In contrast, the asynchronous mode uses scheduled replication and is not affected by connection latency. One way to improve asynchronous performance is to increase the interval between the replication times. This increase allows for ?file system churn.? Data is rewritten throughout the day, but only the latest version is included in the less frequent replication schedules.
In contrast to flexible volumes, the physical characteristics of traditional volumes affect SnapMirror performance. When you use traditional volumes, for best SnapMirror performance, you should configure the source and destination volumes with the same RAID size, RAID group size, and number of RAID groups.
The visibility_interval parameter controls the apparent performance of the SnapMirror synchronization. The parameter controls the view of the data on the destination system. Even after the data is received, the destination file-system view is not updated until the visibility interval elapses. The default visibility interval is three minutes, with a minimum setting of 30 seconds. Reducing the internal is not recommended because deviation from the default value can have a detrimental impact on controller performance.
NOTE: It is possible to throttle the SnapMirror traffic so as to reduce its impact on other applications that use the WAN connection.
Before you can enable the replication relationship, you must configure the SnapMirror access control between the source and destination storage controllers.
The source controller needs to grant access to the destination controller so that the destination controller can
?pull? updates from the source. And the destination controller needs to grant access to the source controller so that the replication relationship can be reversed after a disaster event is resolved (synchronizing back from the disaster recovery site to the production site).

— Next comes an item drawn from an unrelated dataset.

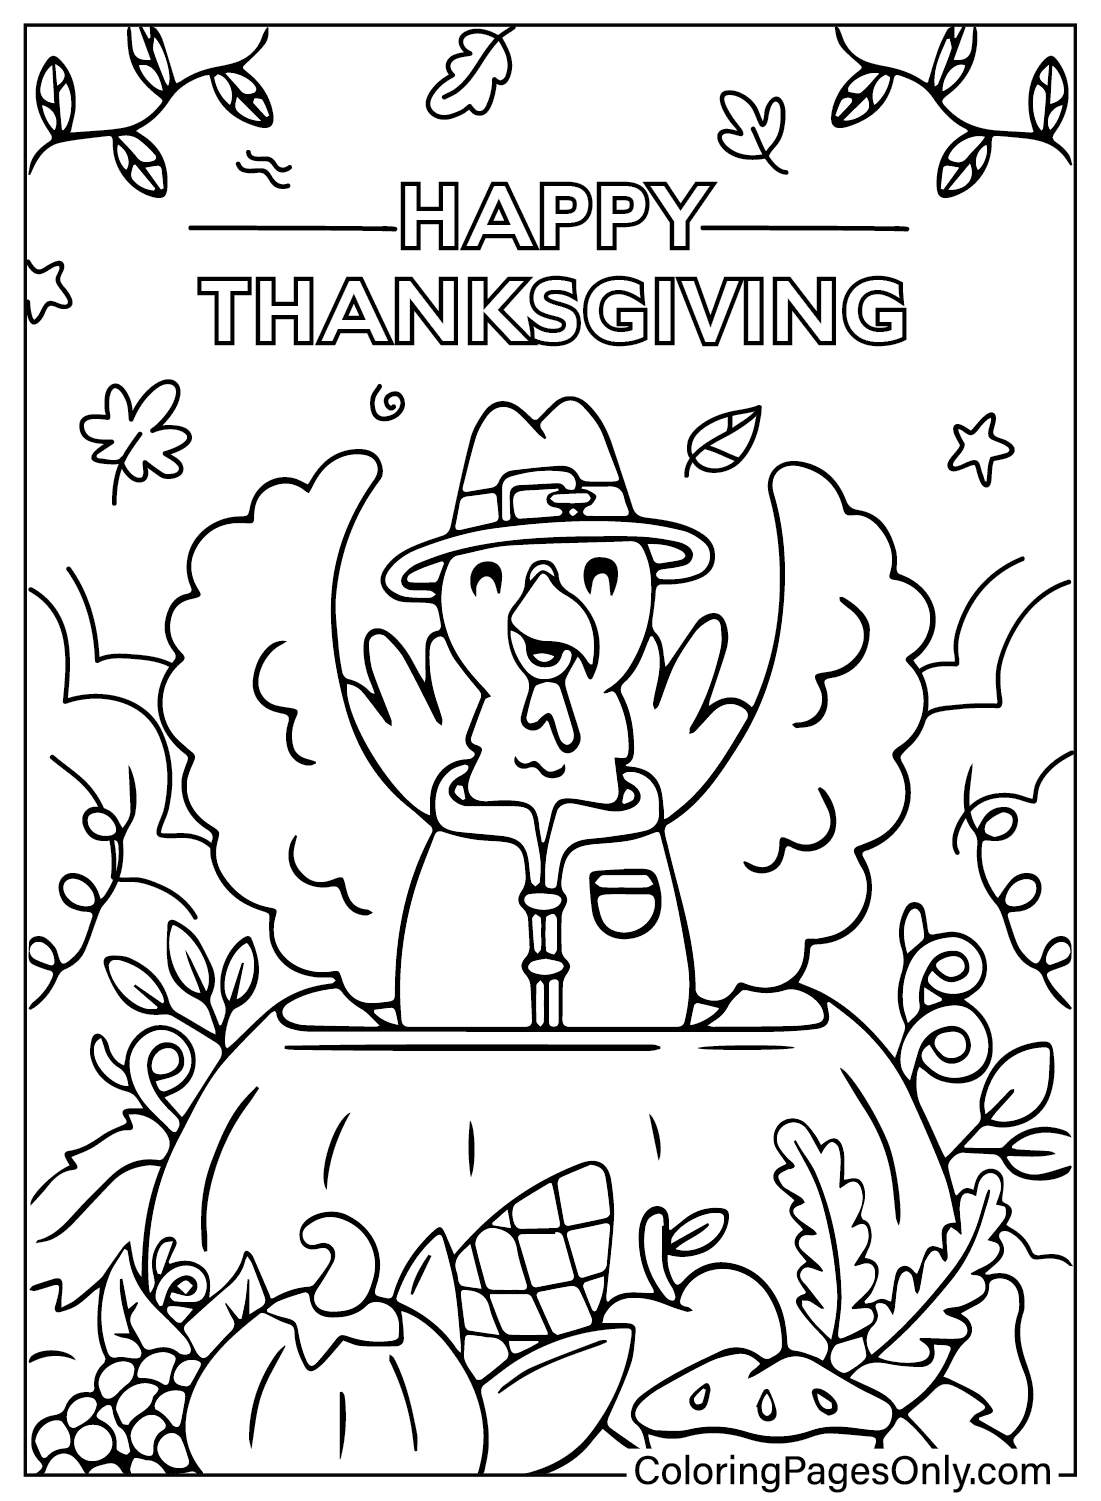 Página para colorear de dibujos animados de Acción de Gracias de Dibujos animados de Acción de Gracias

There are two ways to configure SnapMirror access control on the storage controllers:
options snapmirror.access host=legacy
– Edit the /etc/snapmirror.allow file.
– Add the other storage controller‘s host name.
options snapmirror.access host=
– By default, this option is set to the keyword ?legacy.? Use of the keyword causes the system to refer to the snapmirror.allow file for access control.
– Alternatively, you can set the option to host=, to enable the SnapMirror relationship to be accessed from the remote controller.
NOTE: Method 2 is the preferred way to enable the remote access.
The traffic between the source and destination controllers is not encrypted. In a security-conscious environment, it may be necessary to implement some type of network-level encryption for the replication traffic (for example, to use the NetApp DataFort™ encryption devices).
The DataFort security system is designed to encrypt data-at-rest, not data-in-transit. An encrypting Ethernet switch is used to encrypt data-at-rest.
Comprehensive logging of all SnapMirror activity is enabled by default. The log file is saved to the /etc/log/snapmirror.[0-5] file(s). The log can be disabled by executing the following command:
options snapmirror.log.enable [on|off]. The snapmirror status command displays the current status of all SnapMirror relationships. Some status information is available only on the destination controller.
FIGURE 15: SAMPLE OUTPUT OF SNAPMIRROR STATUS
A SnapMirror relationship passes through several defined stages as it initializes the baseline transfer (level-0), synchronizes data (level-1), and possibly reestablishes a broken mirror. The details of the process of troubleshooting and rectification are determined by the stage that the relationship was in when the failure occurred. For example, if communications failed during the initial baseline transfer, then the destination is incomplete. In this case, you must rerun the initialization, rather than trying to re-establish synchronization to the incomplete mirror.